# Dent removal and paint touch up - Liverpool?



## Dizzle77 (Mar 27, 2010)

Had a bit of a shock today when I noticed a small dent and scratches on my bonnet. At the time I was about to top up my washer fluid, so I opened the bonnet and found a fairly large stone sitting there

I have a feeling it happened last week whilst travelling. only noticed it today as car has been covered with frost most of the time last few days. I do vaguely remember hearing a thump, but i just thought it was a stone hitting the windscreen.
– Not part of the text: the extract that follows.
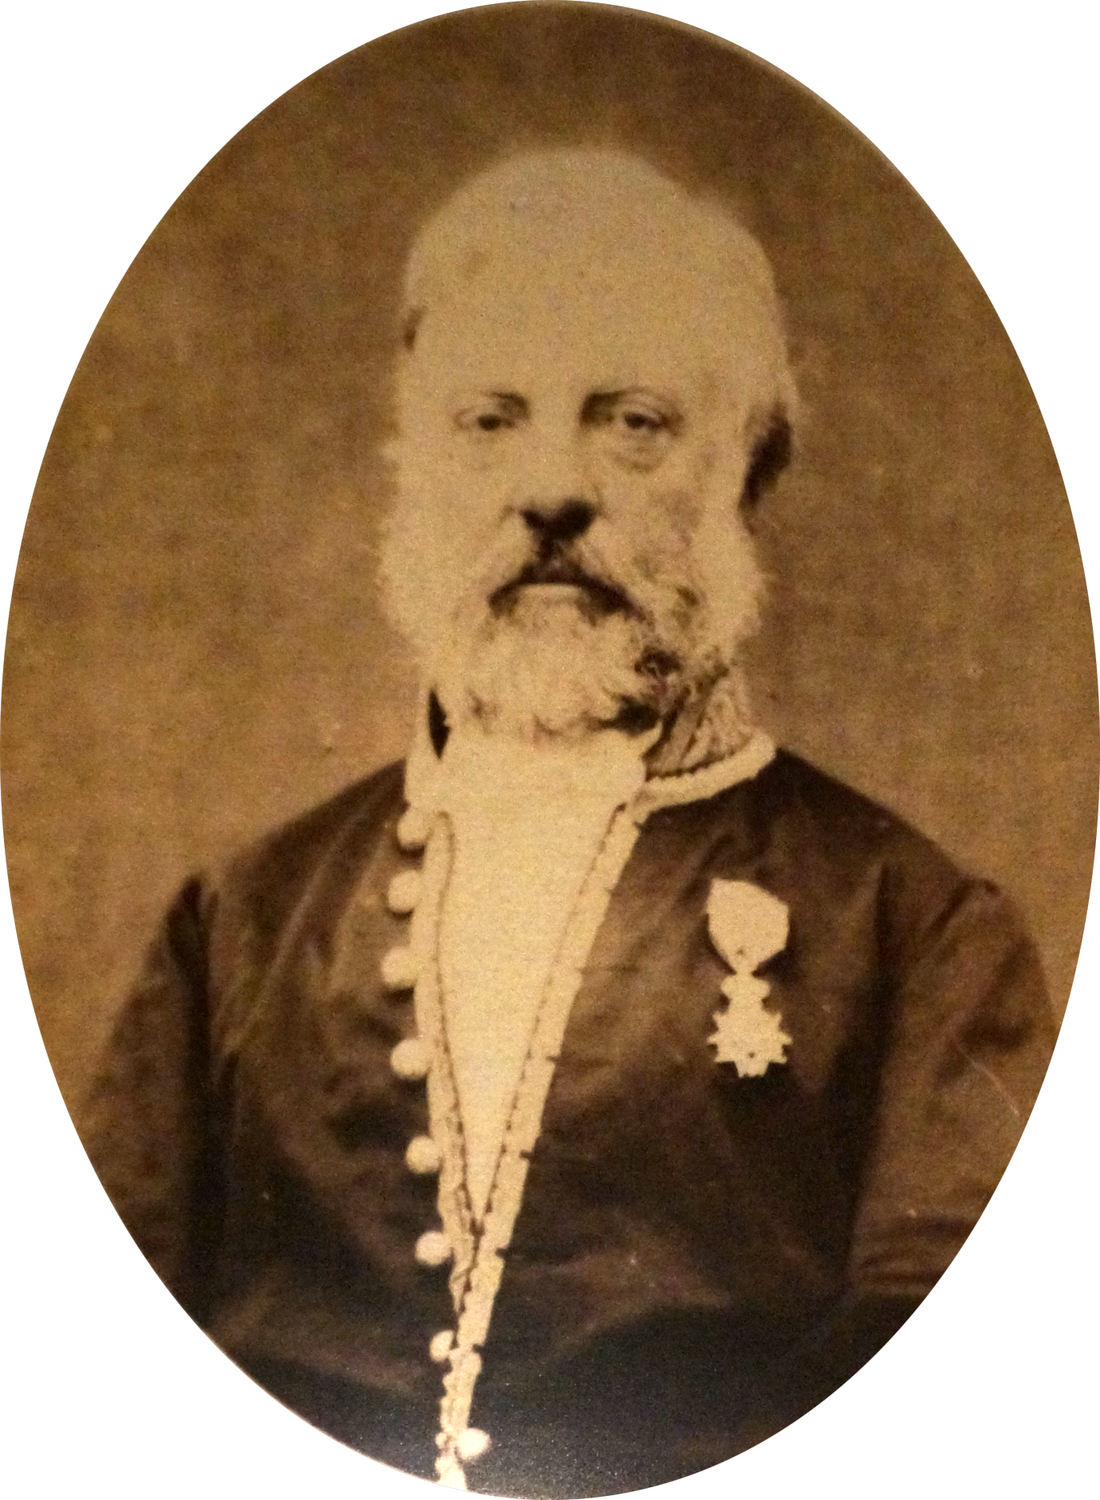 Photograph of Pierre-Eugène Lamairesse

Judging by the size of this stone though, I reckon someone has intentionally dropped it from a bridge or summat 



















Anyone know someone who can repair this in Liverpool?

I called Chips Away today, but they told me that they and most other mobile companies can't do bonnets due to having to respray whole panel or something. this true?


----------



## Mirror Finish Details (Aug 21, 2008)

Oops looks nasty.
Something I am looking at doing but apart from stone chips and small dents that look a bit beyond me.

Perhaps try Revive, I have seen them do quite good localised repairs.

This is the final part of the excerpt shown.